O primeiro passo de Schelling é negar que, em relação ao Absoluto, A = A expresse uma relação de sujeito a objeto ou de sujeito a predicado. A = A é aqui, então, não apenas uma expressão do julgamento sintético mais abstrato possível, o que não passaria de uma tautologia:

Nesta proposição, pode-se, portanto, abstrair-se de tudo, da realidade de A em geral, bem como de sua realidade como sujeito e como predicado; mas o que absolutamente não pode ser abstraído e o que permanece como a única realidade nesta proposição é a igualdade (Gleichheit) ou a identidade absoluta em si, que é, portanto, a verdadeira substância do conhecimento nesta proposição… A igualdade (Gleichheit) não existe por meio do sujeito e do objeto, mas sim o contrário, apenas na medida em que a igualdade é, ou seja, apenas na medida em que ambos são um e o mesmo, são também sujeito e objeto. (I/6 p. 146–7)

Há, afirma Schelling, uma “duplicação da identidade”, na qual a igualdade do que está dividido só é possível com base em uma identidade absoluta prévia. Isso pode ser explicado ponderando-se o fato de que a afirmação de que duas coisas são absolutamente diferentes não tem sentido, pois, se elas são absolutamente diferentes, não são nem mesmo duas coisas, e a afirmação se refuta a si mesma. Se eu disser que o sujeito é o predicado, o que está em cada lado da proposição pode mudar: a mesma pessoa pode estar com raiva e não estar com raiva em momentos diferentes. O que não pode mudar é o fato ontologicamente anterior de que tanto o sujeito quanto o predicado são.

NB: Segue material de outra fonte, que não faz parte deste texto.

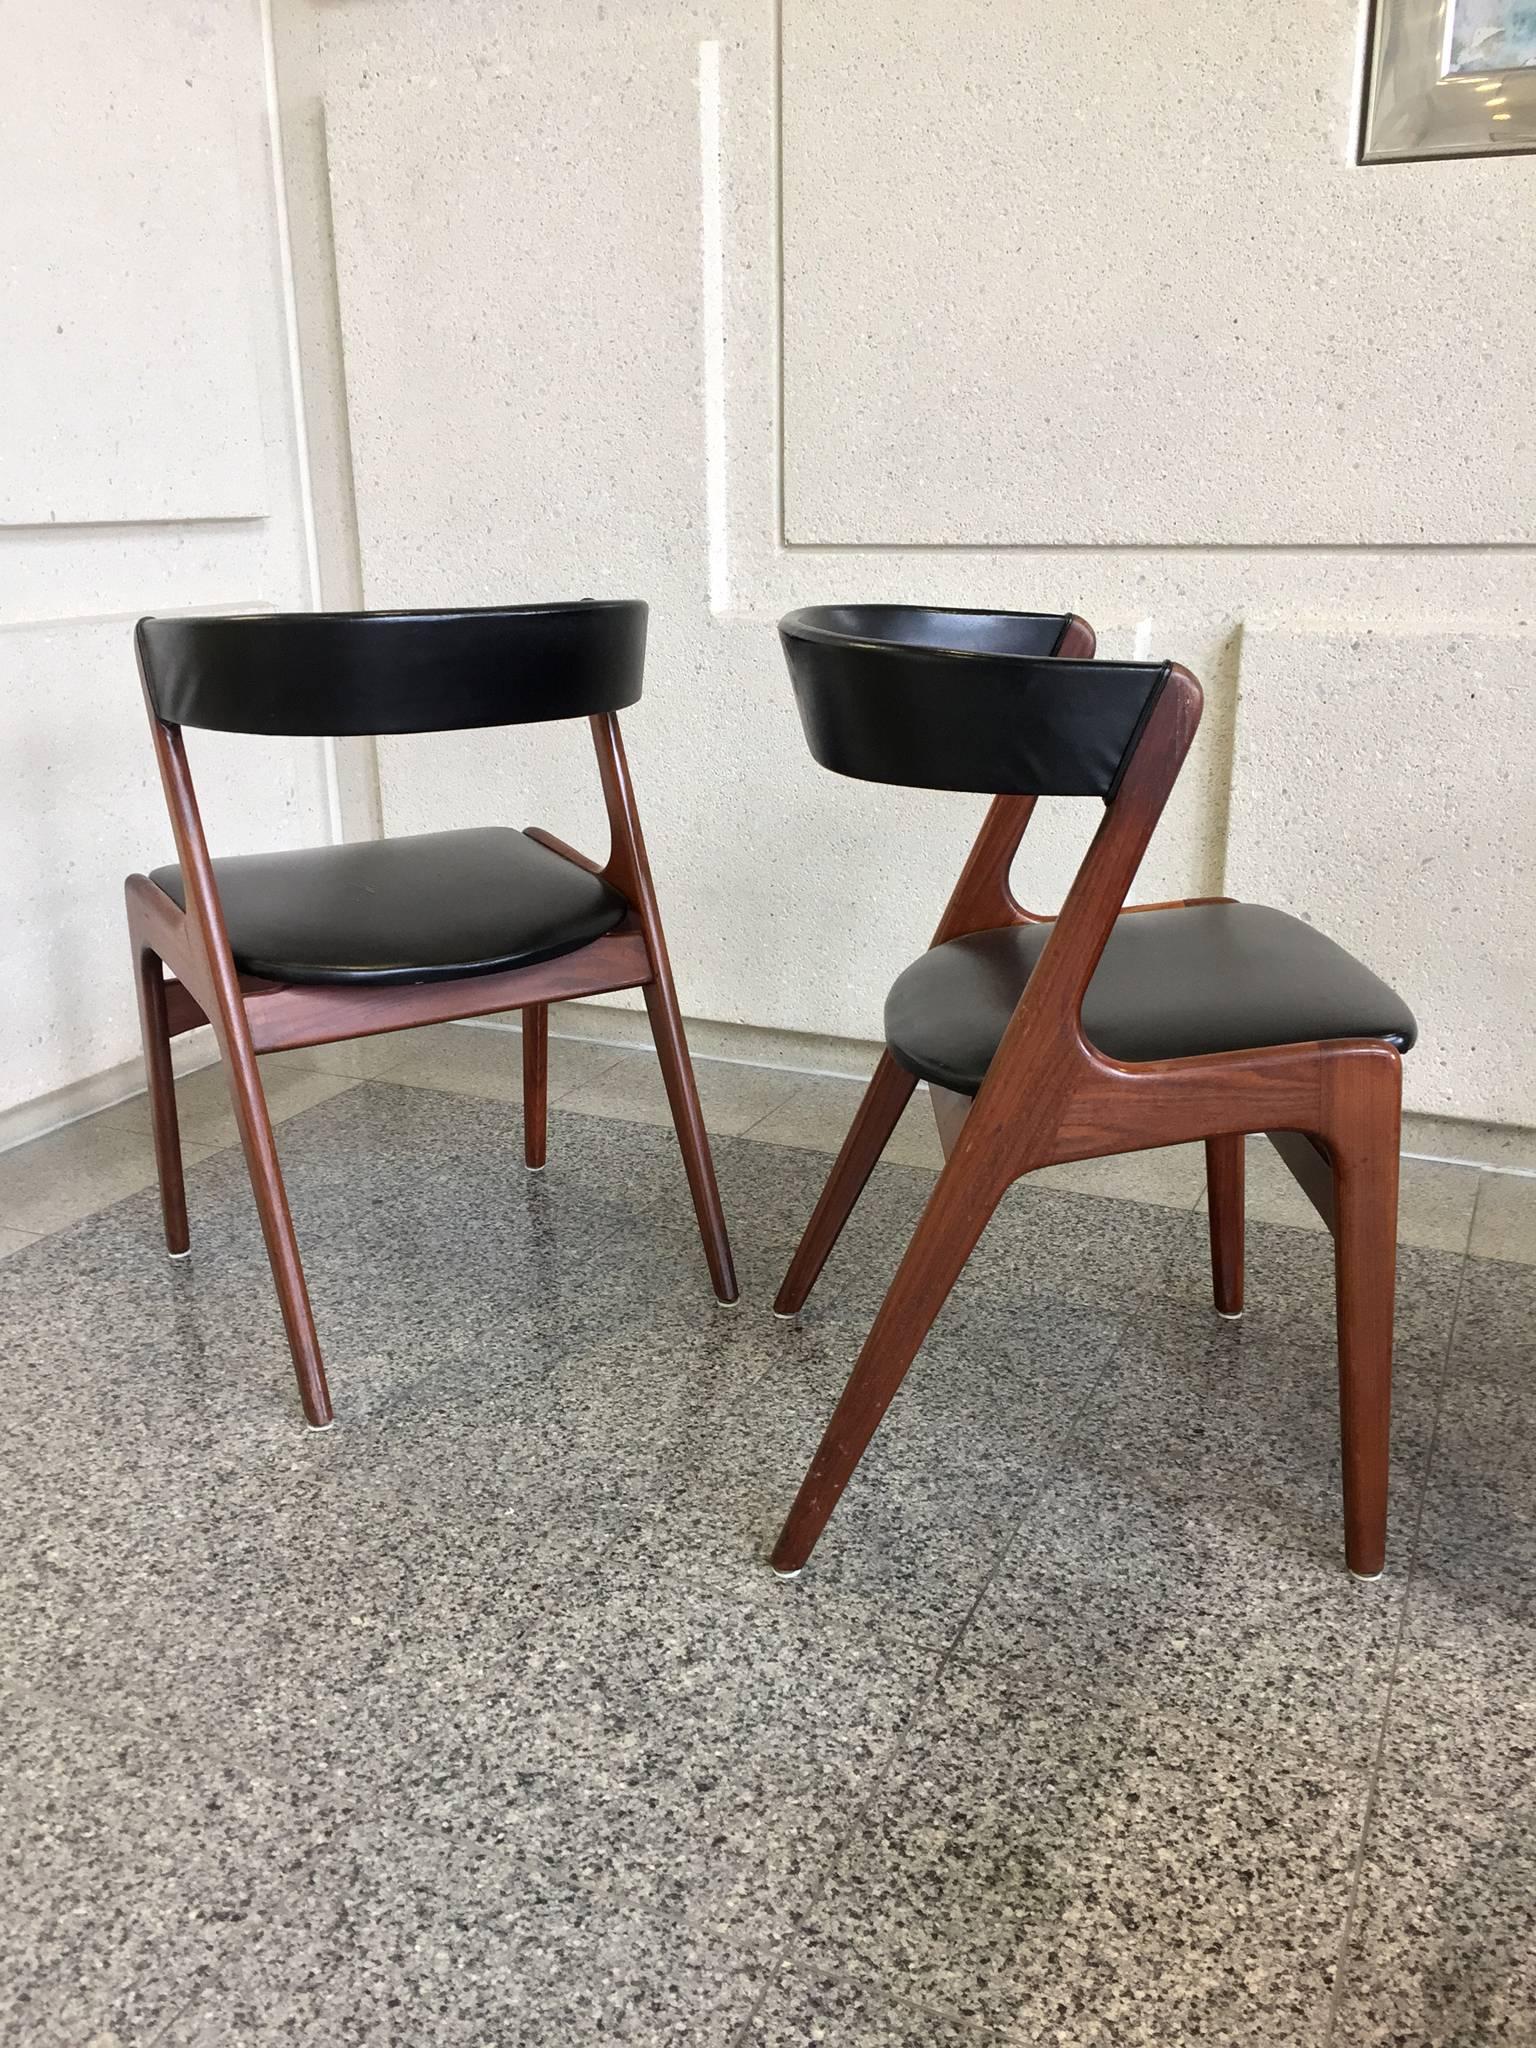 Faux Leather Set of Six Midcentury Danish Teak and Black Skai Dining Chairs by Omann Jun

O fato de que ambos são é a condição prévia para que sejam identificados um com o outro como qualquer tipo de ser que possam ser.

Essa semelhança pode parecer suspeita, como a noite em que todas as vacas são pretas, mas o argumento não implica tal resultado. Schelling coloca a questão de Leibniz à sua maneira quando confronta:

a última questão do entendimento que se ergue vertiginosamente no abismo do infinito, a questão: por que não há nada, por que há alguma coisa? Essa questão é eternamente banida pelo conhecimento de que o ser necessariamente é, ou seja, pela afirmação absoluta do ser no conhecimento. (I/6 p. 155)

Os termos-chave são “afirmação” e “conhecimento”, mas o que eles significam? Manfred Frank sugere que Schelling concebe o ser como a “relação transitiva de um sujeito com seus predicados” (Frank 1991 p. 141).6 Em vez de “ser” funcionar como um verbo de ligação intransitivo, no Absoluto, as coisas são transitivamente “sidas”. Sartre usará mais tarde a noção de être été para expressar isso; nos termos de Schelling, os existentes específicos são “afirmados”. Você ou eu, como sujeitos empíricos conhecedores, somos, portanto, predicados do ser. Nosso ser particular como você ou eu, no qual minha identidade é alcançada pela minha diferença em relação a você ou a todos os outros você, é “afirmado” por um ser que não podemos conhecer como nosso, porque esse ser não pode depender da diferença, que seria a condição de possibilidade de conhecê-lo. Para chegar a esse ser, devemos, portanto, ir além do conhecimento reflexivo, caso contrário, não conseguiremos compreender a maneira como somos como tudo o mais é, que é a condição de possibilidade da predicação e da verdade. Mas como podemos fazer isso?